A report on issues with maternity care and infant deaths at Nottingham University Hospitals (NUH) NHS Trust is set to be released today.
The most extensive review of maternity services in the history of the NHS, led by senior midwife Donna Ockenden, was initiated following concerns raised by Sarah and Jack Hawkins after the stillbirth of their daughter, Harriet, at Nottingham City Hospital in April 2016.
Displeased with the hospital’s internal review that found no clear wrongdoing, the couple insisted on an external investigation, which in 2019 identified various deficiencies within the trust and determined that Harriet’s passing was likely preventable.
Over 2,500 families and 800 staff members have provided input to the review, with the General Medical Council (GMC) and Nursing and Midwifery Council (NMC) looking into allegations. The review is scheduled for publication at 11:45 am.
NUH has already paid substantial compensation and fines, including a record £1.6 million penalty in 2021 for maternity lapses resulting in the deaths of three infants.
Nottinghamshire Police launched a corporate manslaughter inquiry last year as part of a broader criminal probe into maternity failings at NUH, focusing on deficiencies at both Nottingham City Hospital and the Queen’s Medical Centre.
Recently, two individuals, aged 55 and 59, were arrested in connection with the mortuary practices at the trust. They were released on bail after being taken into custody on suspicion of misconduct in a public office.
The forthcoming Ockenden report will address suspected care deficiencies at the trust from 2012 to 2025, potentially prompting nationwide changes in care protocols.
In 2025, Nottingham University Hospitals NHS Trust faced a record fine for severe systemic shortcomings that endangered the lives of three infants and their mothers.
The trust’s record £1.6 million fine in 2021 followed the deaths of Adele O’Sullivan, Kahlani Rawson, and Quinn Parker. Additionally, the trust was fined £800,000 in 2023 over the death of Wynter Andrews, making it the first trust prosecuted more than once by the Care Quality Commission.
The failures at the trust, termed “serious and systemic,” exposed additional individuals, including Daniela O’Sullivan, Ellise Rawson, and Emmie Studencki, to substantial harm risks, as stated by District Judge Grace Leong.
Sarah and Jack Hawkins, both trust employees, experienced a tragic loss when their daughter Harriet was stillborn at NUH. Despite their repeated attempts to seek help, they were advised to stay home, leading to Harriet’s tragic demise.

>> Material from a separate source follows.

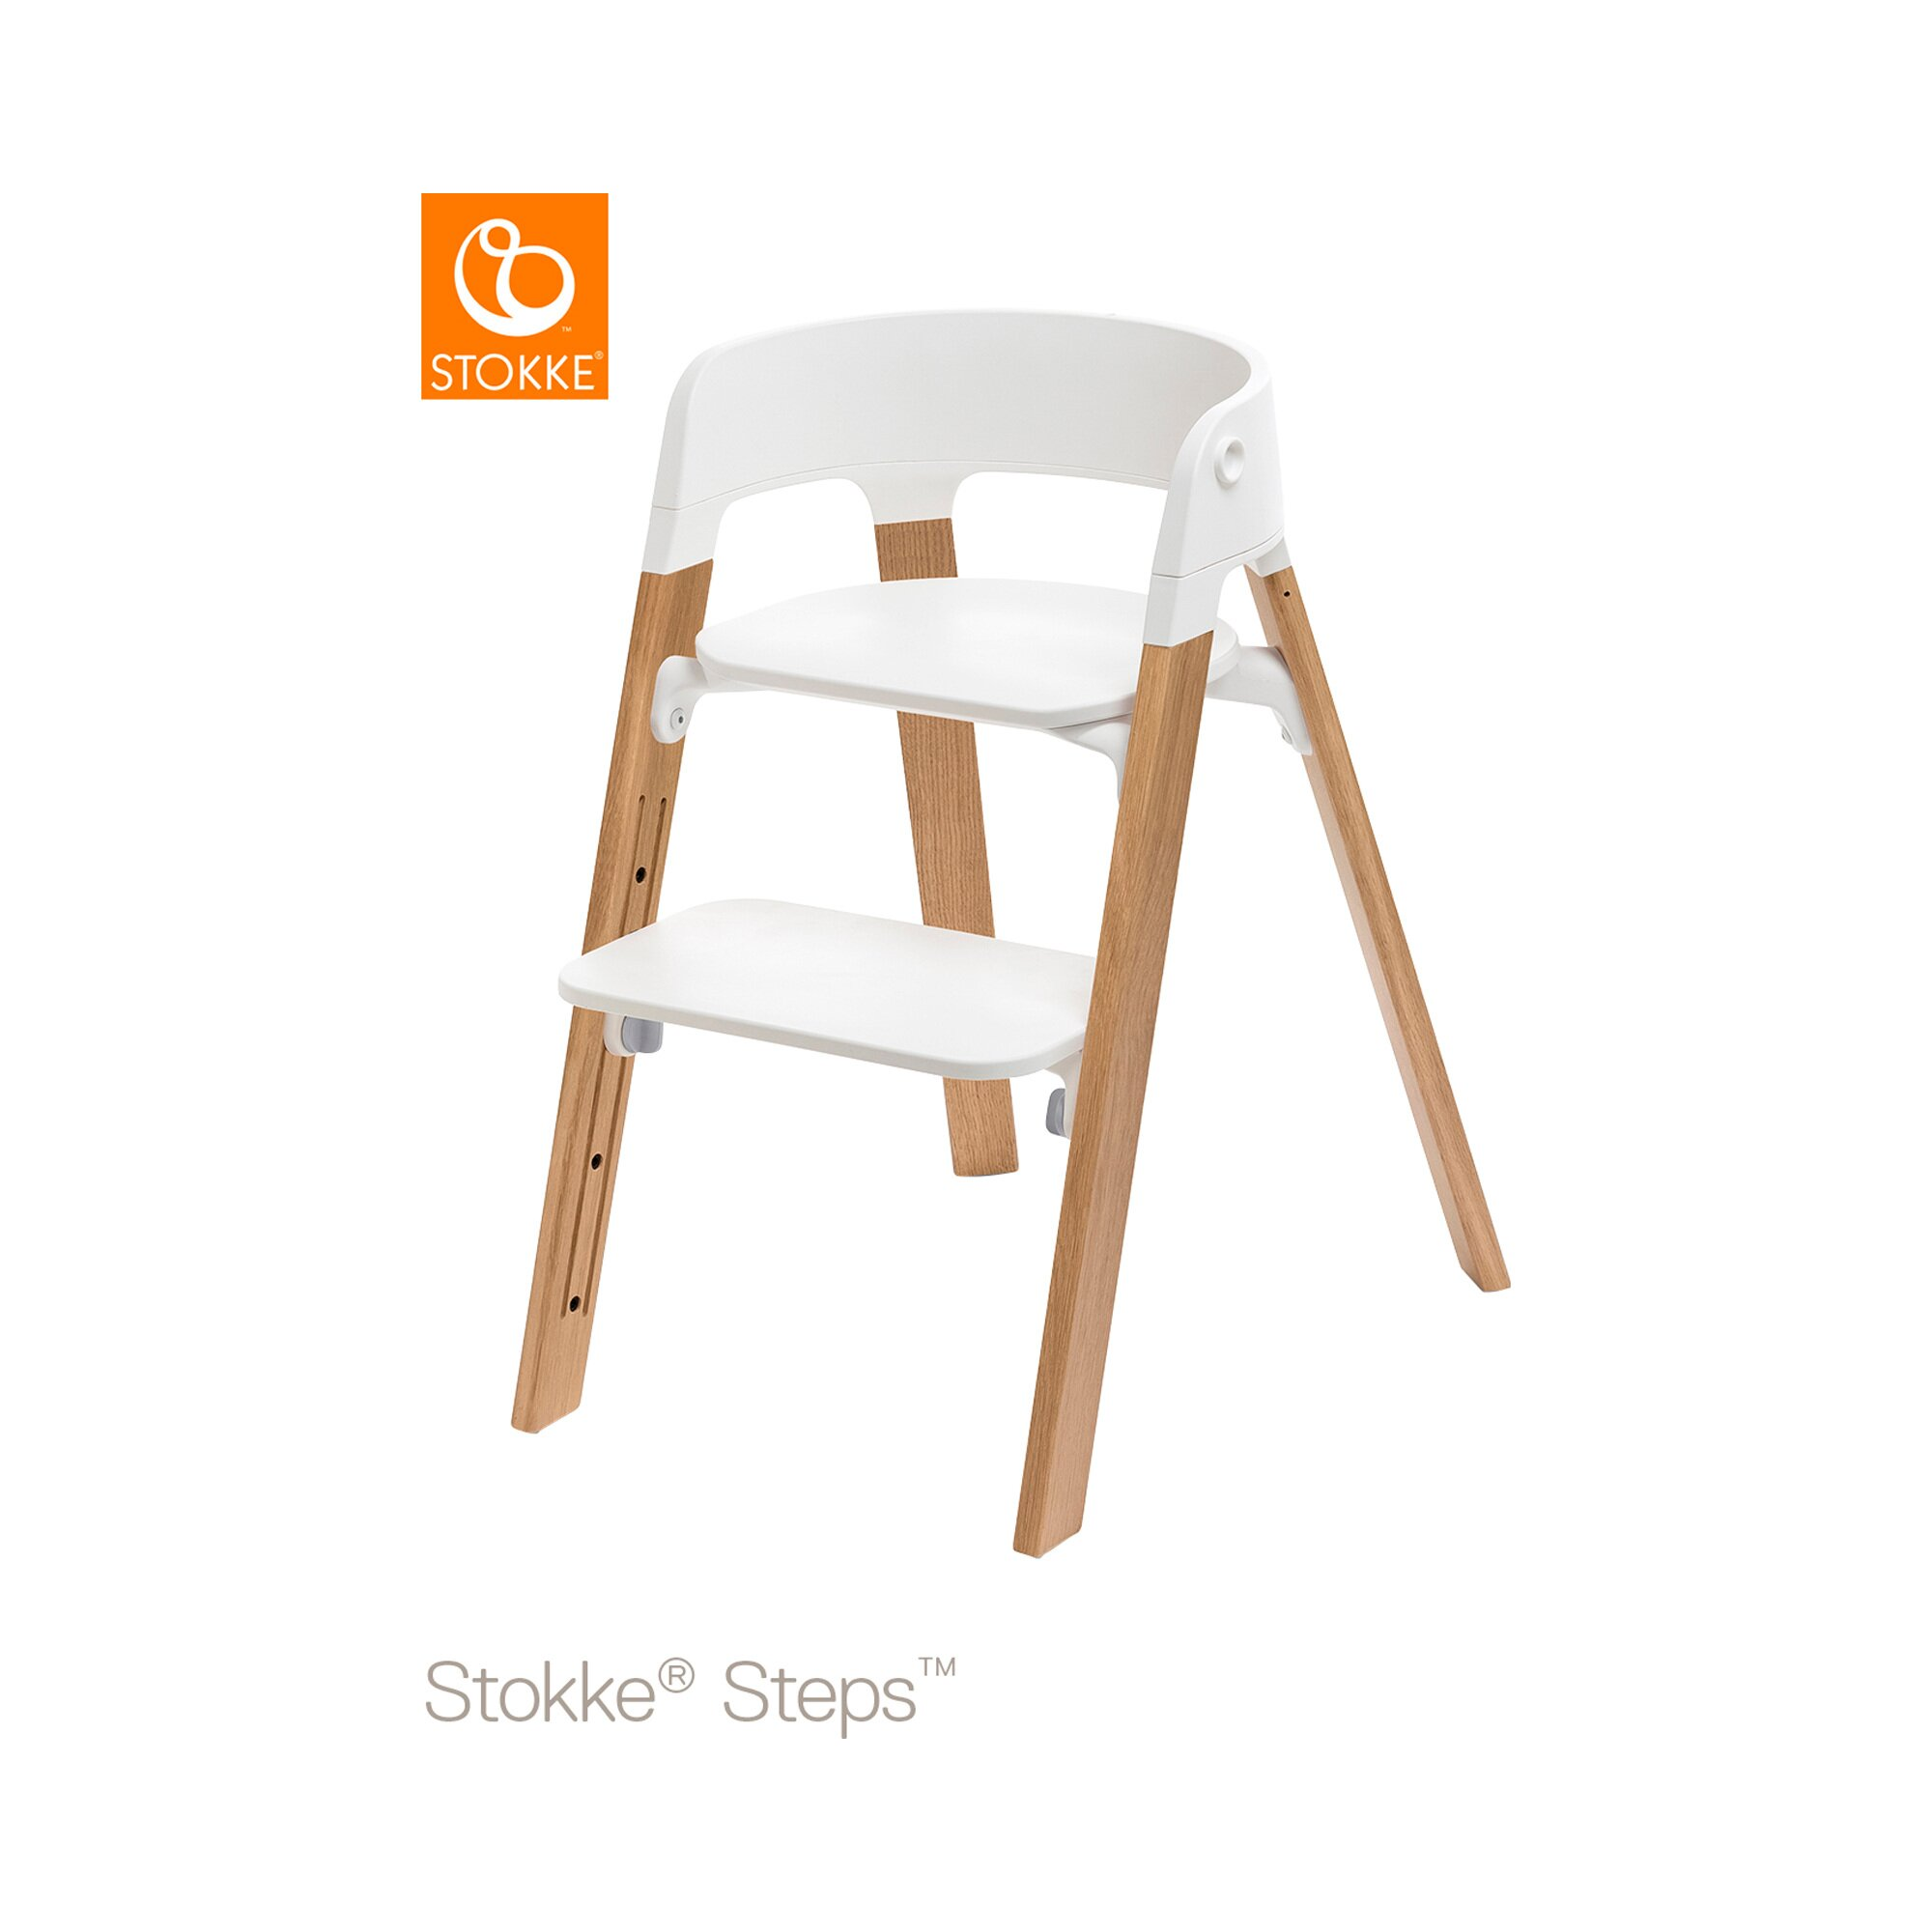 steps-stokke-steps-beine-eiche-natur
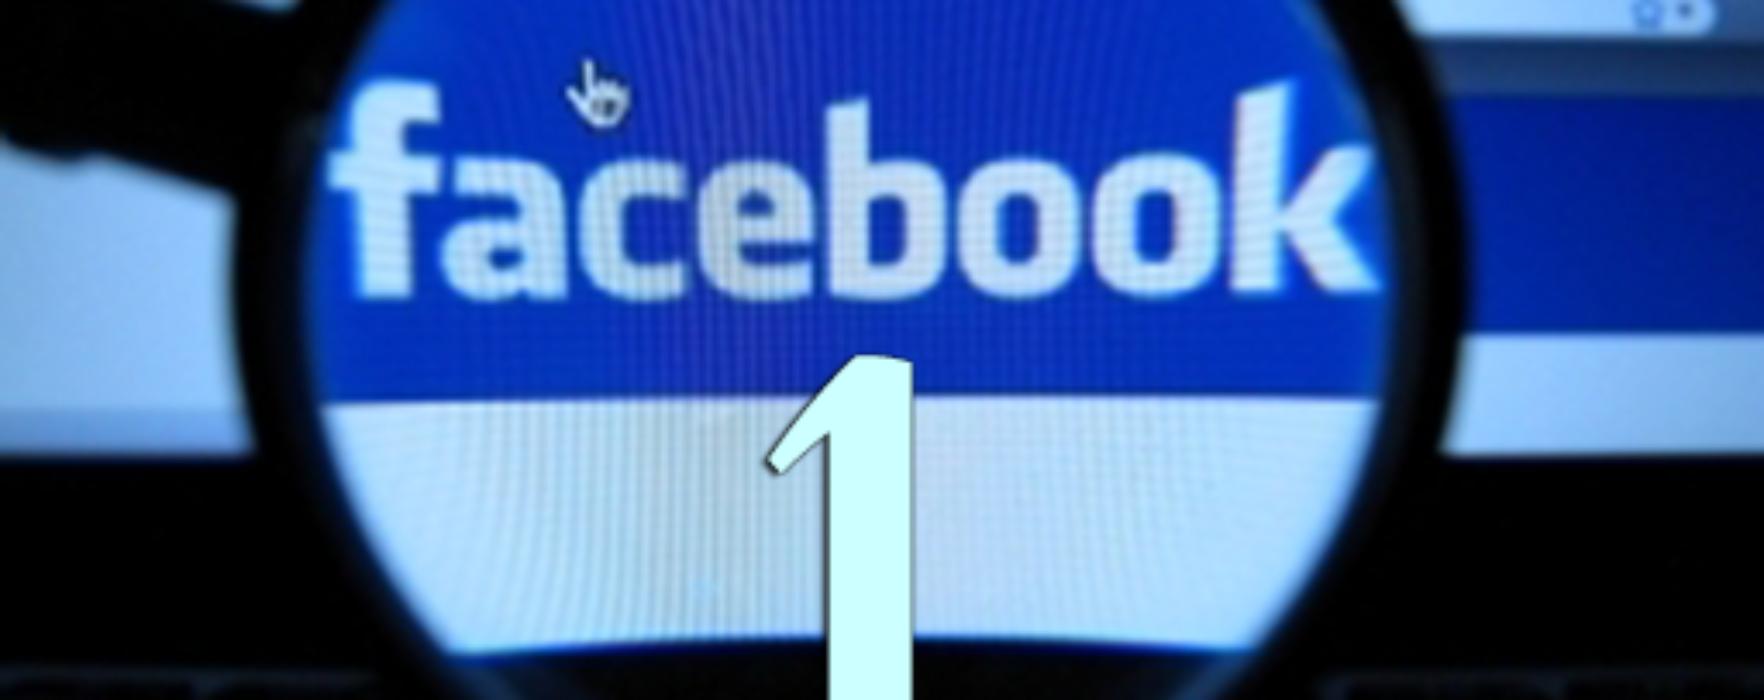 Facebook Explorer 1.0

Today marks a challenging day for numerous families embroiled in the largest maternity investigation in NHS history, shedding light on the avoidable harm inflicted on infants and mothers at NUH from 2012 to 2025.
Donna Ockenden, at the helm of the review, will present the findings to families at a central Nottingham location at 11:45 am, followed by the distribution of the report to families and media representatives.
The need for “systematic change” in maternity care has been emphasized by the Government’s maternity adviser ahead of the release of the review on Nottingham’s maternity care. Labour MP Michelle Welsh highlighted the urgency for substantial systemic changes to address the crisis.
Acknowledging the momentum for reform, Welsh stressed the necessity for bold governmental actions and meaningful policy changes to rectify the crisis rather than superficial adjustments.
It is crucial to rethink maternity care practices to prevent future tragedies and ensure the safety of mothers and infants.